Finzi is part of the rustic Frederick Delius/Ralph Vaughan Williams school, celebrating nature, taking care not to offend lulling audiences into soporific appreciation. (This is unfair. Sir Ralph wrote some splendid symphonies, and Delius did have his overwhelming...er...measures)

But Gerald Finzi is best appreciated as a well-meaning, deft composer whose sequacious sections evaporate after the last measures.

The Requiem da Camera has a lovely orchestral prelude for the chamber orchestra. Mr. Hayes possibly expanded the New York Choral Society Orchestra, for that sensitive opening was a bit muddied. Yet one could not fault the large Choral Society’s pictures of the words–and baritone Nathaniel Sullivan sang the Thomas Hardy poem with great eloquence.
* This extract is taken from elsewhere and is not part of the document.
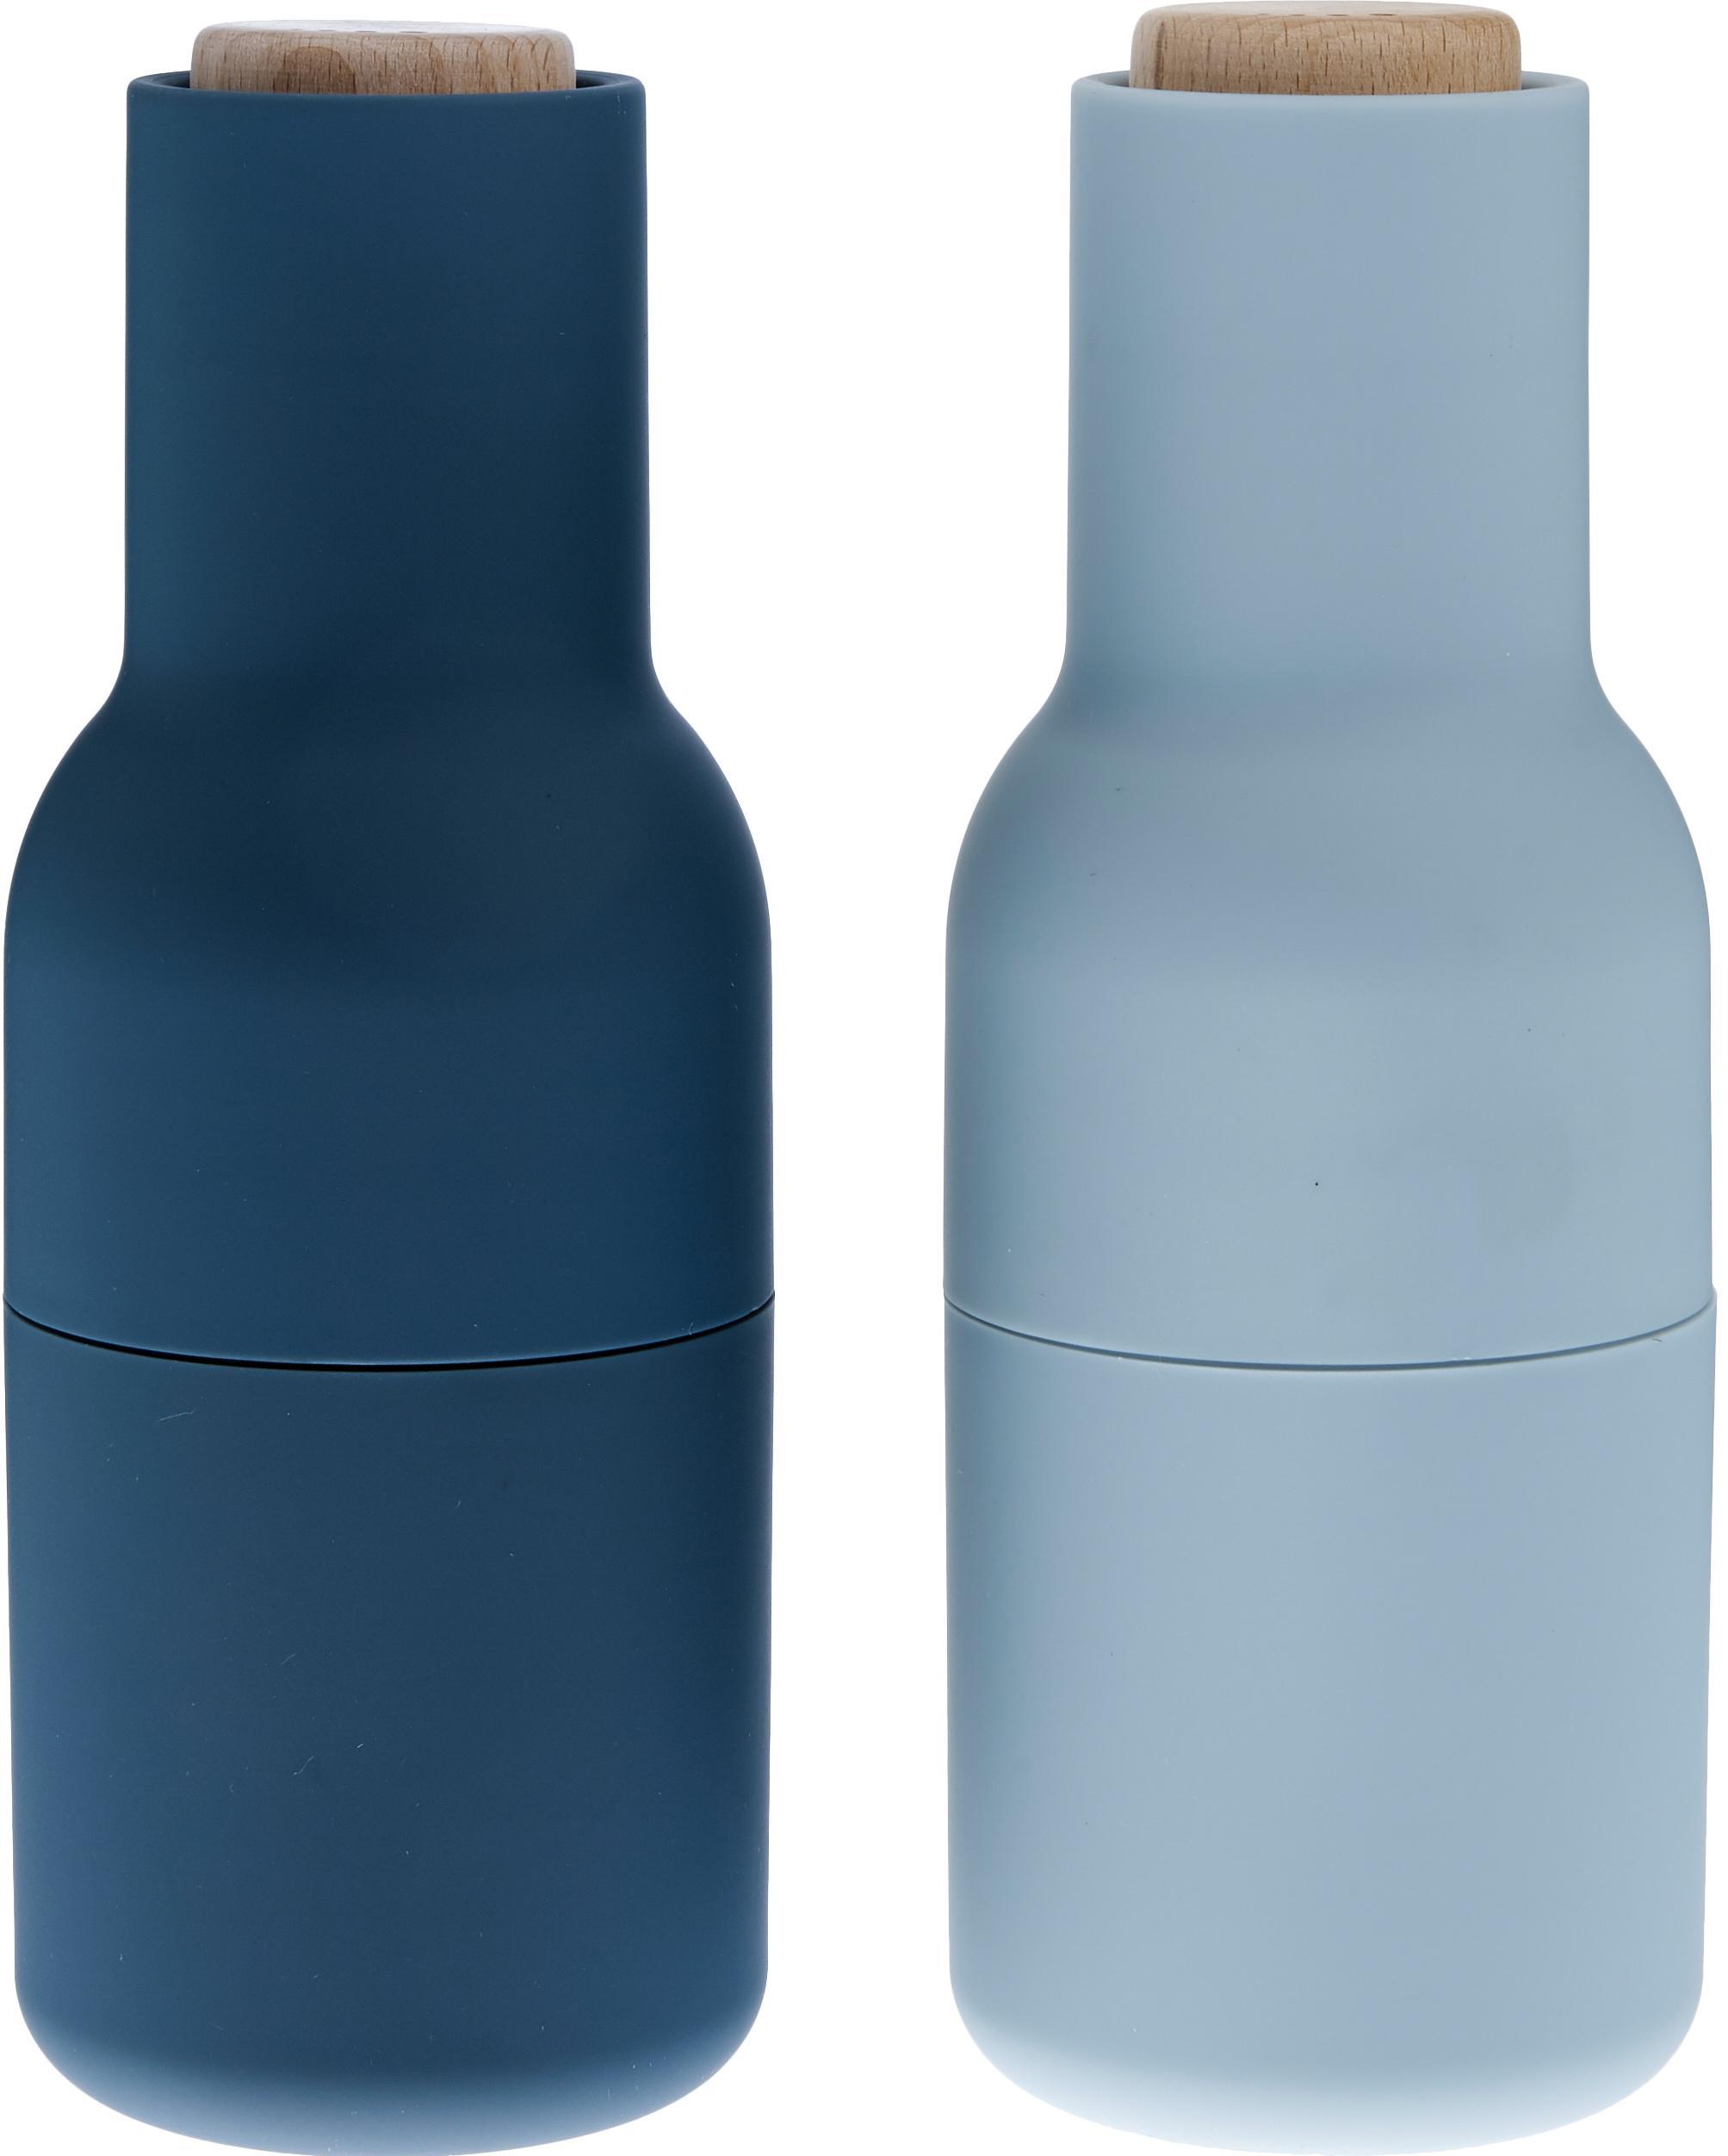 Molinillos Bottle Grinder, 2pzas., Estructura: plástico, Grinder: cerámica, Azul, azul claro, marrón, Ø 8 x Al 21 cm

Three verses of farmland celebrations (“...a man harrowing clods...”) can almost instinctively be set by composers of this British school. Yet nothing of Finzi here stands out. Especially since two of the three poets he quotes–John Masefield and Thomas Hardy–have such magnificent words that music would only gild these arboreal lilies of the field.

The following Agnus Dei was Samuel Barber’s own Adagio, written originally for string quartet, then in the orchestral piece which usually wears out its welcome.

Alex Ross is quoted in the program as saying, “Whenever the American dream suffers a catastrophic setback, Barber’s Adagio plays on the radio.” Mr. Ross may have meant that producers use it as a shortcut. (“Hey, they bombed the Yonkers City Hall. Get out that music with all the violins!”) For chorus and orchestra, it was not augmented. The sopranos were rather shrill, but no human voice should be asked to imitate quivering violins at their highest.

Now to the Tippett. He wrote the complicated libretto, based peripherally on the slaughter, based on the Jungian meeting of opposites, based–far too much for our times–on the terror of human upon human.

(How would Sir Michael have set our President’s declaration that selling arms to Arabia was good for American industry, as against these arms being used as genocide against the civilians of Yemen?)

Musically, he modeled A Child of Our Time on a Bach Passion, with African-American spirituals an appropriate equivalent for a Bach chorale.

The result is, unlike the Finzi, a work of overwhelming drama. Not histrionics at all, but notes of agony and forgiveness, music which issues its contradictions, its ironies and its rebuking which balances compositional subtlety with personal emotional fury. And the spirituals were not parenthetical, but given full orchestral and choral treatment.

Still, the New York Choral Society stood out, where their works with chorus or a capella were issued with zeal and tenderness.

The four soloists could not have been bettered. Luthando Qave was the narrator with a rich, angry spot-on baritone. David Portillo was the operatic tenor incarnate.

G. Reyes/Z. Reams

My personal two favorites could not have been more different. Gabriella Reyes is a star. No two ways about it. The voice was a full-throated, beautifully declaimed operatic soprano, her expression as she sung the spiritual was one of ethereal grandeur.

Her opposite was Zoie Reams, for whom the only adjective is “pure.” At times, she was overwhelmed by the orchestra, but these were rare, for she understood immediately not only the grandeur but the gravity of the work.

My only qualm–a qualm which made me almost wretch–-was Sir Michael’s finale, an all-out corny, schmaltzy pull-out-all-the-stops Deep River. It resembled nothing less than Jerome Kern’s horrifying finale to 1927’s Showboat.

Oh well, genius has its imperfections. For the most part, Mr. Hayes directed a thrilling production for one of the most thrilling and thoughtful oratorios in musical history.